Despite a recent pullback in markets, Perry said investors like him remain heavily invested in equities, especially technology and defense. With the S&P still up double digits on the year and long-term market gains stretching back to the financial crisis, he sees the recent dip as routine profit-taking rather than a warning sign. “This is one of the most remarkable runs we’ve ever had,” he said. “Long-term investors aren’t selling because the market drops five percent in a month.”
On cryptocurrency, Perry offered a measured view. Though he prefers physical gold to Bitcoin, he acknowledged that blockchain technology and stablecoins are spreading rapidly—especially in developing countries grappling with unstable currencies. He cited comments from AI and fintech leaders predicting that crypto-based systems will help workers in high-inflation countries preserve their wages and transact in U.S. dollar–backed digital assets. Perry emphasized that no one truly knows how to value Bitcoin, but its expanding use as financial infrastructure may bolster its long-term relevance.

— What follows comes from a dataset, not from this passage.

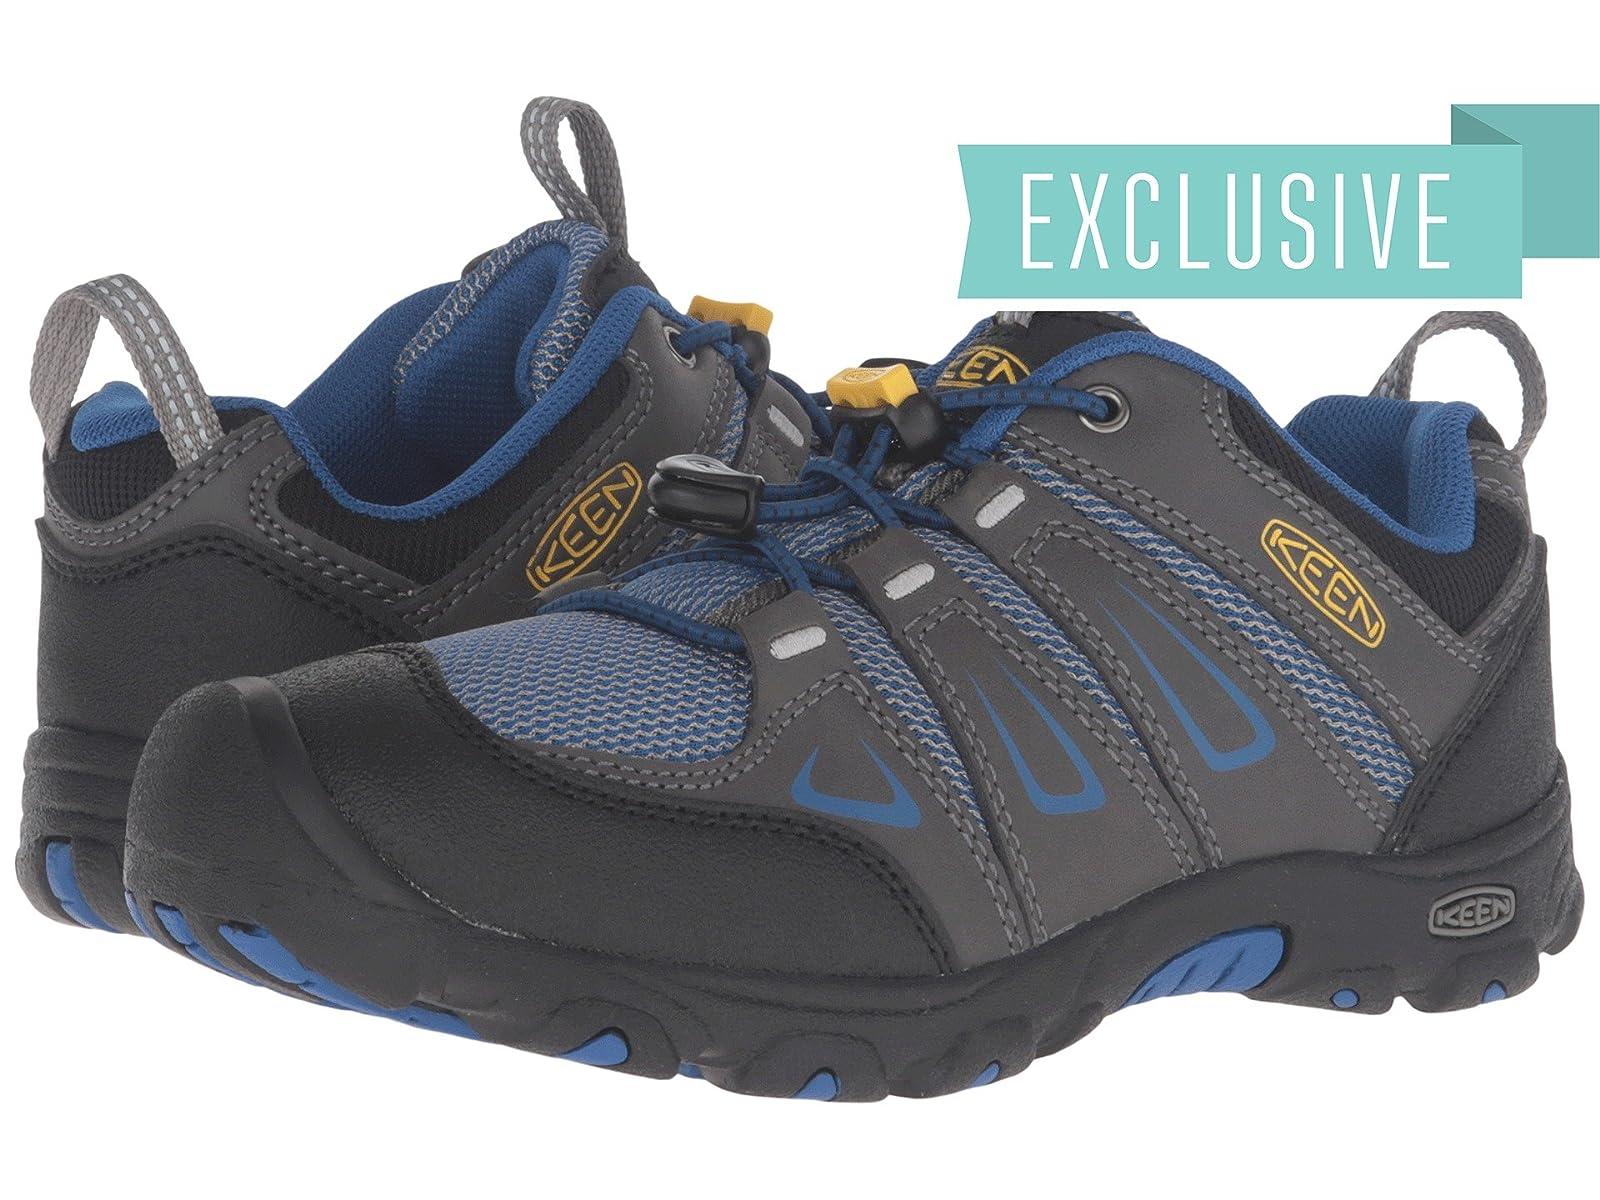 Keen Kids Oakridge Low (Little Kid/Big Kid)Atmospheric grades have affordable shoes

Zooming out, Perry said global markets reflect rising productivity, increasing wages, and exceptional corporate strength across sectors. International investors are pouring capital into the U.S. at unprecedented levels, and despite geopolitical turmoil, the dollar remains the world’s most trusted currency. In his view, the next decade could mirror the last fifteen years of extraordinary market gains. “The stock market could double in the next five to seven years,” he said. “Not because of hype, but because earnings are driving it.”
Even with layoffs in the headlines and flawed government metrics muddying the waters, Perry said the fundamentals are clear: “The AI industrial revolution is just getting started—and the numbers support it.”